PROF. DR. GUNNAR MAU
How do our senses influence our purchase decisions? Business psychologist Gunnar Mau has dedicated all stations of his academic career to examining this and related questions. He investigated the role emotions play in online purchases for his doctorate and is the co-founder of a market research company. As professor of applied psychology at the German University of Health and Sport in Berlin, his research interests include ‘Multi-sensory Approaches in Stationary Retail’. In 2021, he co-edited a topical publication with the same title.

In online shops, customers are limited to optical and auditory perceptions. For many people, that is still more convenient than leaving the house. Might we be overestimating the value of the multisensory experience?

GM That is a legitimate question. I cannot portray everything online. I have to do without sensory stimuli and thus also loose some information. But it is the retailer who decides whether that is useful information. The odourless nature of online is often even advantageous. So one question they have to ask is this: How can the sense of smell be put to strategic use?

NR I always need something to fascinate me, something that really speaks to me. No potpourri of stimuli just for the effect. I told you about the rolling pin in Nice. That created a tingle, there was a certain tension and I wanted to stay focused. And now I have a product at home that connects me to that place and its appeal every time I use it. And that is why I use it, even though I have another rolling pin that actually works better.

GM You can also see how important sensory variety is if you look at the efforts digital retailers make to compensate for their sensory poverty or reduction with words, images and sounds. That can all work really well when people are prepared to play along, but it is far from the real thing. Studies show that the smaller the distance to a product, the stronger my emotional response is and the greater the likelihood I will actually buy it. So stationary retailers need to think about how they can promote multisensory perceptions. They need to make more of the advantages they have over online retailers.
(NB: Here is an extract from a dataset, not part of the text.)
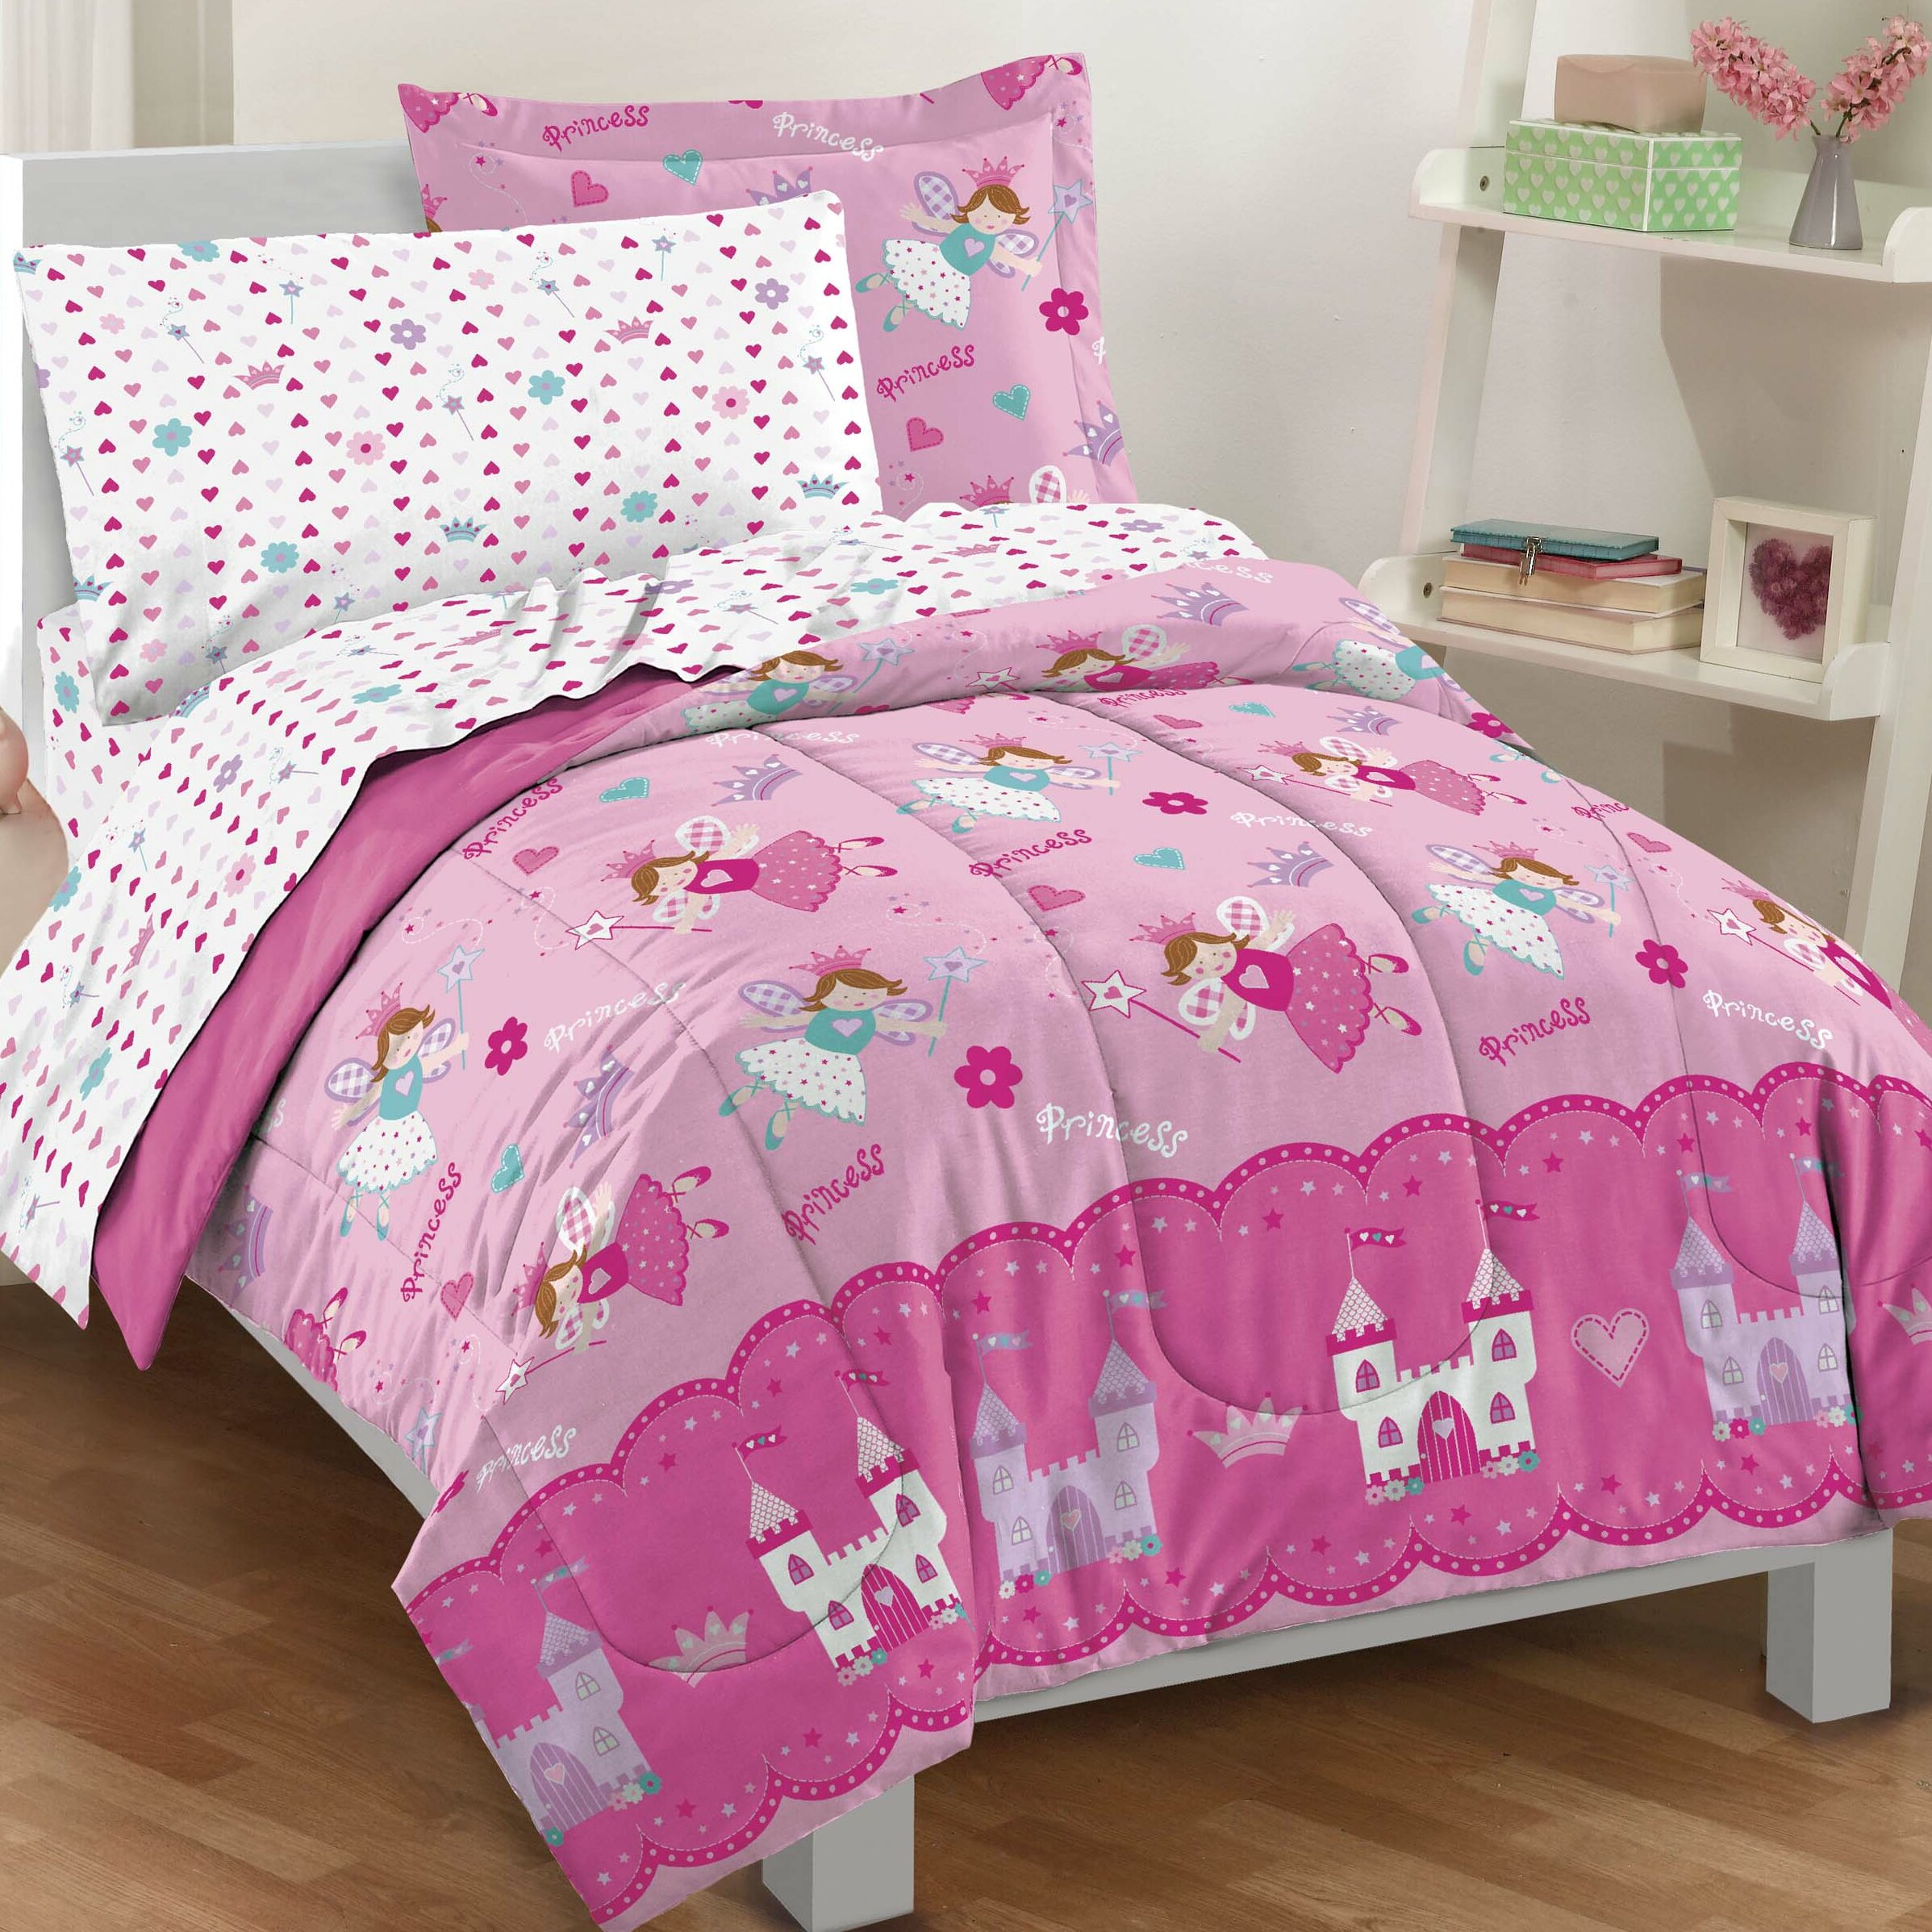 bed comforters for girls

Looking at it the other way round, what can we learn from the digital world when we design a shopping experience, particularly in extending the technical dimension?

AE We have to make a distinction between digitalisation and digitalism. And digitalism is something we can put to very good use in stationary retail. Just one example: We can use remote control to activate a performance, one that maybe brings us into contact with other customers. It has to move us organically to what we wish to experience.

GM These days, stores often welcome their visitors with digital stelas — as if they have to prove that they too can do “digital”. But it is not about showcasing technology. We have to take customers on a journey and latch on to their own experiences. The best way to do that is when they do not even notice that they are moving from analogue to digital.

AE In our work, we are often limited by what is actually plannable in a given space. That is what makes film so tempting. Basically, far more is possible, also during the experimental stage, particularly because the viewer on location is one step removed from the material. That said, the loudest explosion on a screen
often attracts less attention than when a small green candle is lit somewhere in a dark corner of the room. The recipient can approach a genuine event in the space, actually experience it and turn it into something meaningful.

GM A real candle transmits so much more sensory information. I can hear the crackle, smell the aroma, feel the warmth. That centres me. It becomes relevant to me — and relevance is what it is all about.